Katie Coombs is a writer, speaker and radio show host in Reno, Nevada. She is a wife and busy mom to seven kids. Katie also has a chronic heart condition. She uses her experience to inspire others and give them hope.

On August 5, 2012, after nine years of living with supraventricular tachycardia, I was driving to meet a client at a restaurant and noticed that my heart was beating incredibly fast.  I started feeling numbness in my arms and legs as I parked and was lucky that I had a blue tooth set up in my car when I called 911 as I couldn’t hold my phone. That was my first ambulance ride and with my husband out of town, I felt very alone and scared.  It was also the first time I thought I was going to die from my heart condition leaving behind our blended family of six children.

Several months later, after repeated emergency room visits, I would have my second cardiac ablation.  In this procedure they continued to inject adrenaline into my bloodstream and it created a feeling of terror I had never experienced.  I was crying throughout and unfortunately they could not get my heart to go into the needed abnormal rhythm and find the pathways causing the problem.  I left the operating room feeling like a failure and feeling like my life was over at age 40.  I didn’t have any way to fix the problem and I was scared to even get in my car alone.  A change in medication brought some stability, but many times I would be driving alone and my heart would go from 75 beats per minute to over 200 in an instant.  I was determined to continue living the same life but it was getting harder.

On a drive home one night from the office I was stuck on a bridge and my irregular rhythm started.  I decided then and there that it would not control me or change my life. It would not stop me from working and traveling and coaching. It would not take me away from my children. From that day forward, I vowed to take power over the situation and even though the problem comes and goes, I refuse to give into fear.  I laugh at it or just feel slightly annoyed but never scared.  It owned me for almost a decade but I took my life back and now it must deal with me rather than me dealing with it.

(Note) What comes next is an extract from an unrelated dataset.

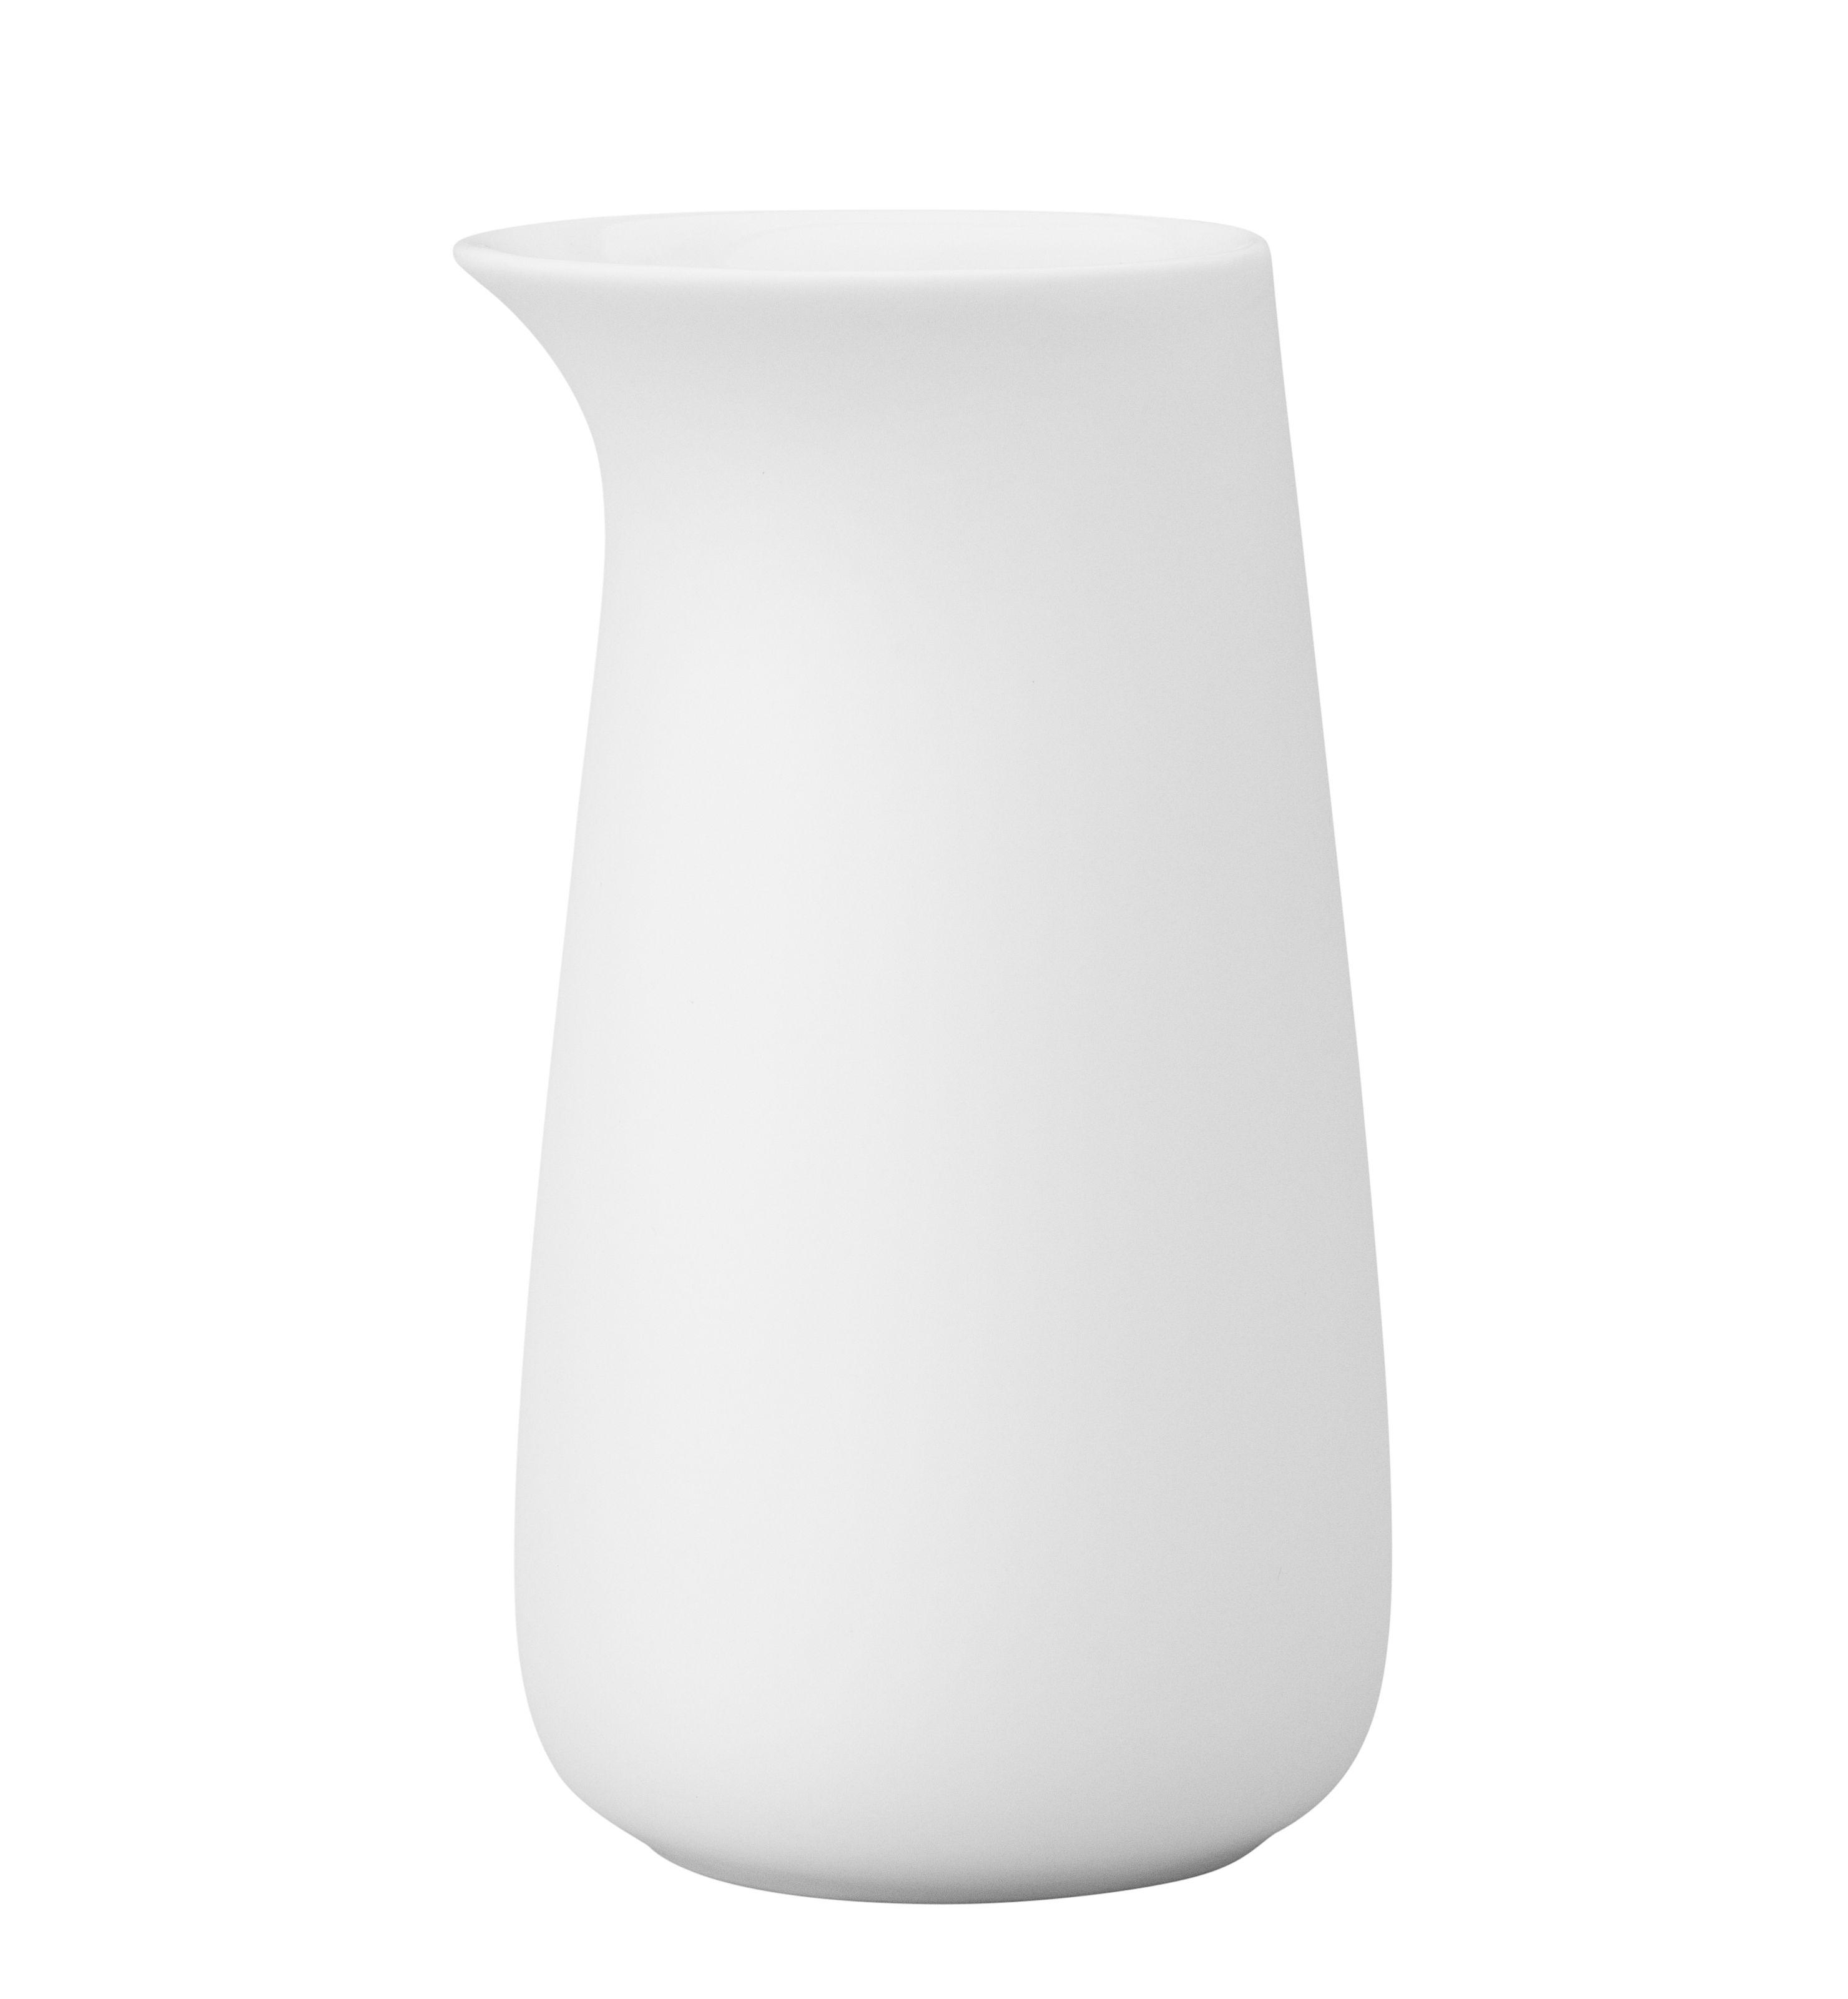 Tableware - Tea & Coffee Accessories - Foster Milk pot - / Stoneware - 0.5 L by Stelton - White - China

In February of 2017, I was honored to kick off the American Heart Month for the American Heart Association. I was a speaker at a press conference and after I told my story, strangers were coming up to me thanking me for giving them hope. One young man had stepped out of the elevator and stopped when he heard me speaking. He had just been diagnosed with a heart condition and said that hearing my story changed his paralyzing fear to hope. I didn’t realize until I started speaking for the American Heart Association that I could take this difficult health problem and turn it into something so positive. I have spoken several times this year and written about my story for several magazines. It has been healing to me to not only finally truly accept that I have a chronic condition, but realize that my experiences can provide hope to someone feeling scared and alone. There is a fulfilling life beyond cardiovascular problems. Taking back my life gave me the courage to have one more baby via a surrogate. We named him Miles to honor the journey we all take through good times and bad times. I now have seven children that are counting on me to continue to conquer and win!